In a world that spends too much of its time focusing on the negative, The Greatest Showman is Hope. It’s Joy. It celebrates Uniqueness and welcomes the Outcast to the big screen. It’s Kindness. It smears the line when Racism divides. It admits Mistakes and offers Forgiveness. It Dreams. And it does so in Technicolor with an infectious musical score that I bought on iTunes only moments after returning home from the film … and my daughter and I play constantly.

The Greatest Showman is a phenomenon, drawing more people to the theaters weeks after its initial debut than during its initial release. And why is that? Because in a world where drama, dissatisfaction and intolerance seems to abide, people want to remember there is Joy, Hope, Forgiveness, Kindness and Acceptance. They want to know that despite their scars, darkness, mistakes and individuality, they are still welcome … that the world will not stifle what they have to offer.
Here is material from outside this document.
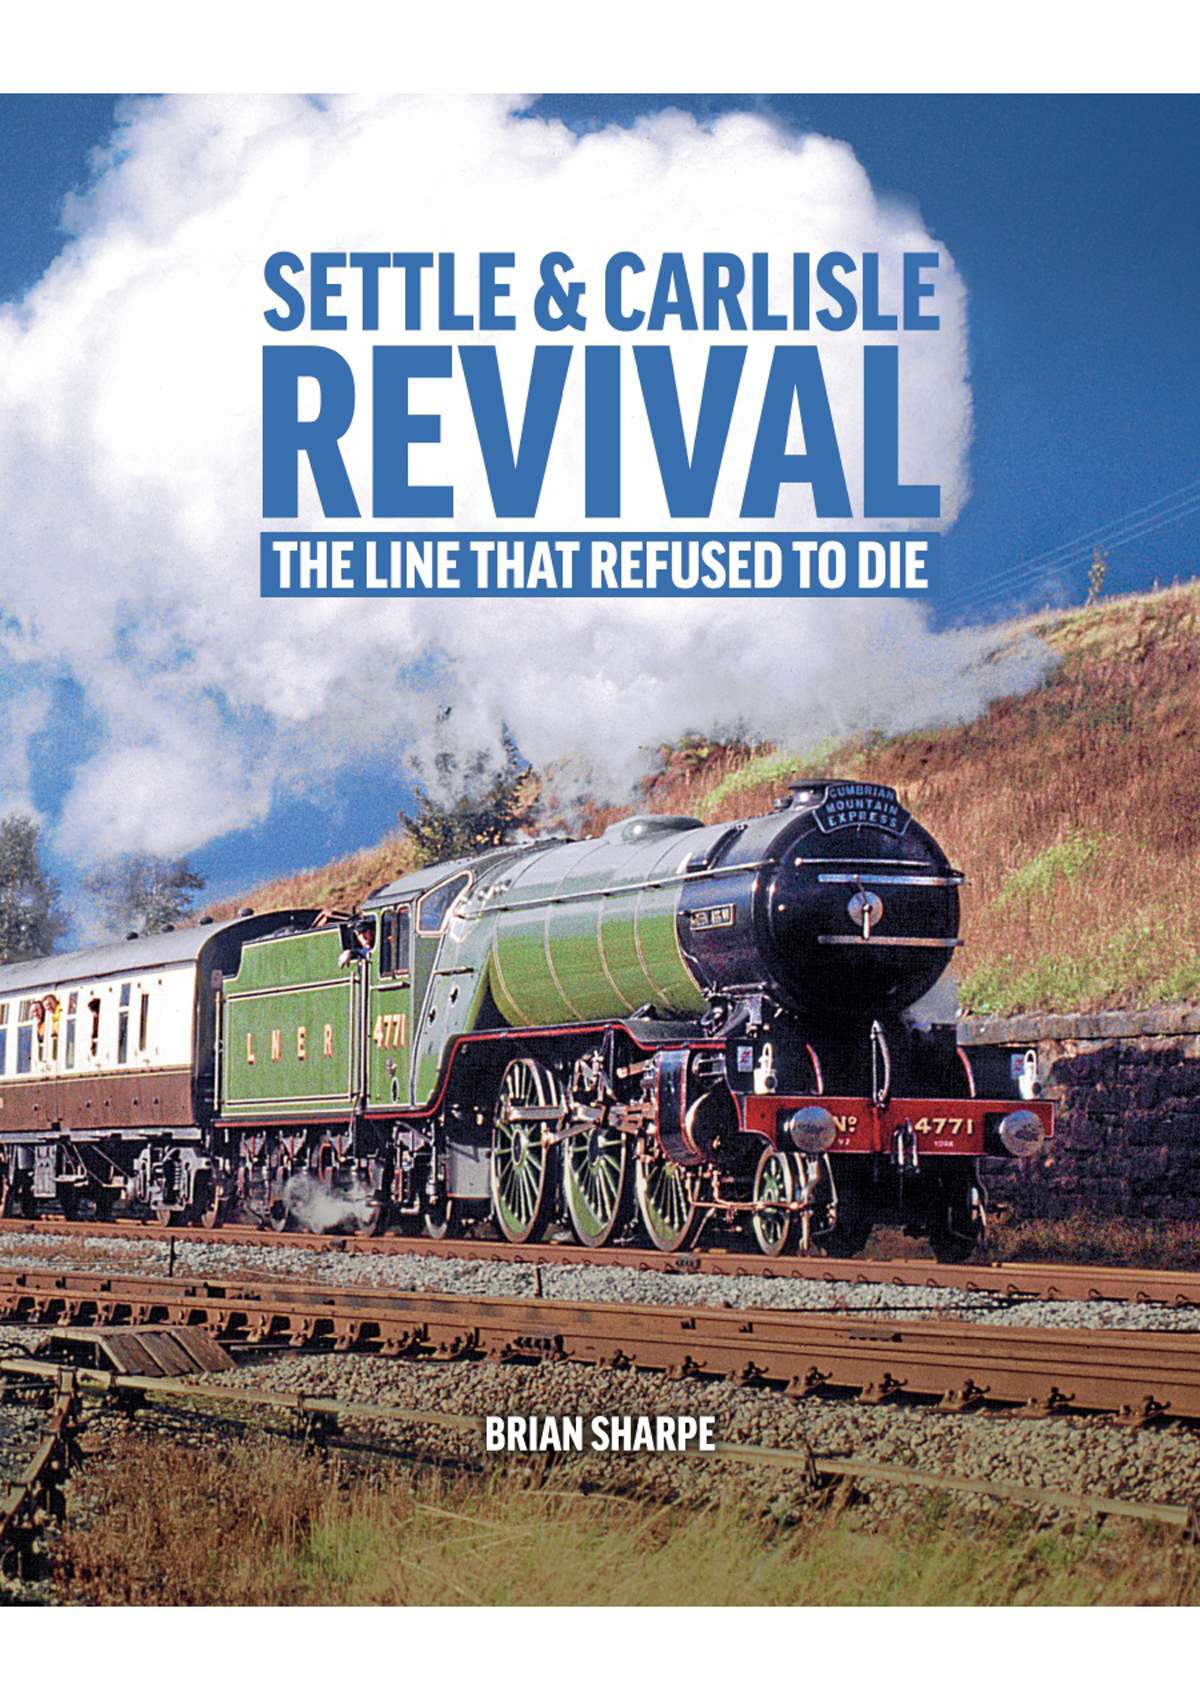 Settle & Carlisle Revival

Many years ago, my family took a summer vacation to Washington DC. We did all the “standard” stuff, touring the Smithsonian, monuments and historical sites. Then, one day, we decided to visit The Kennedy Center. During our tour, we were admitted to take a look at the revered Lincoln Theatre. And what met our eyes was truly miraculous.
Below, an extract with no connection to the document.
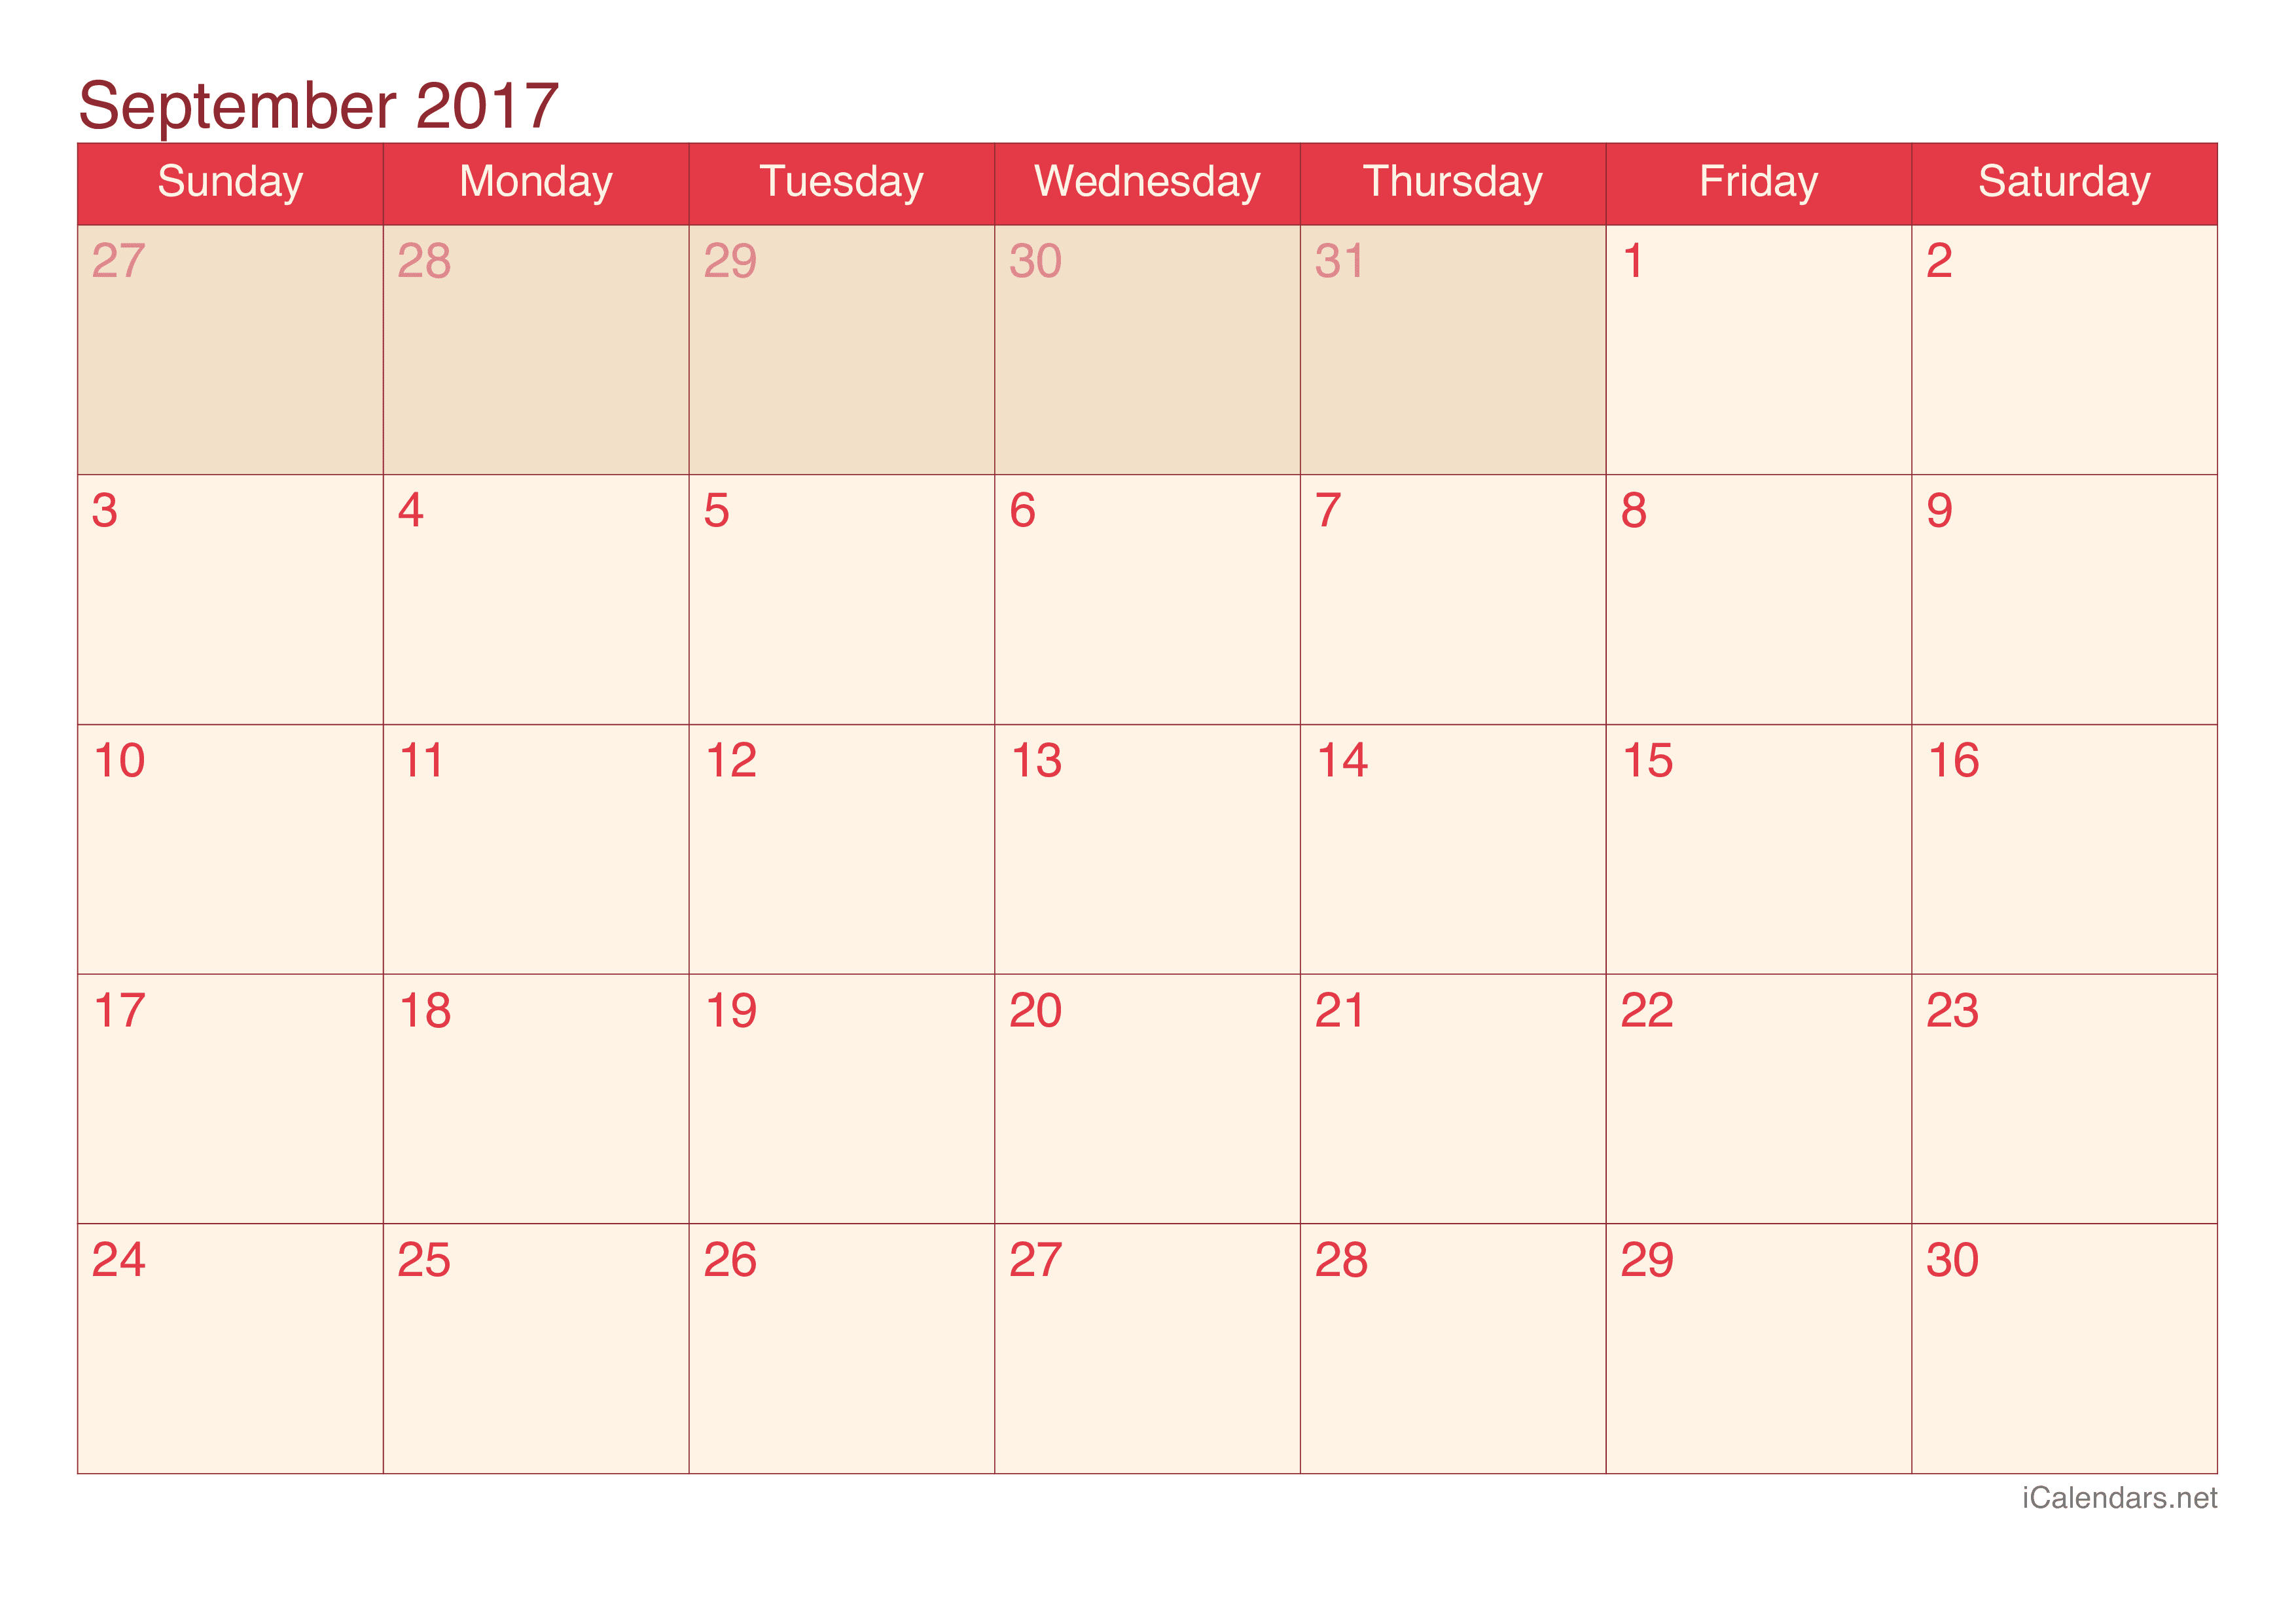 September 2017 Printable Calendar icalendars net

The entire theatre looked like a circus. The stage glittered with color, decorated in the grand style of all things spectacular — including a tightrope, a unicycle and a high-flying dangling trapeze. The tour guide explained to us that the musical Barnum, starring Stacy Keach, was performing that evening. My dad didn’t hesitate. He headed to the box office to purchase tickets for the show immediately.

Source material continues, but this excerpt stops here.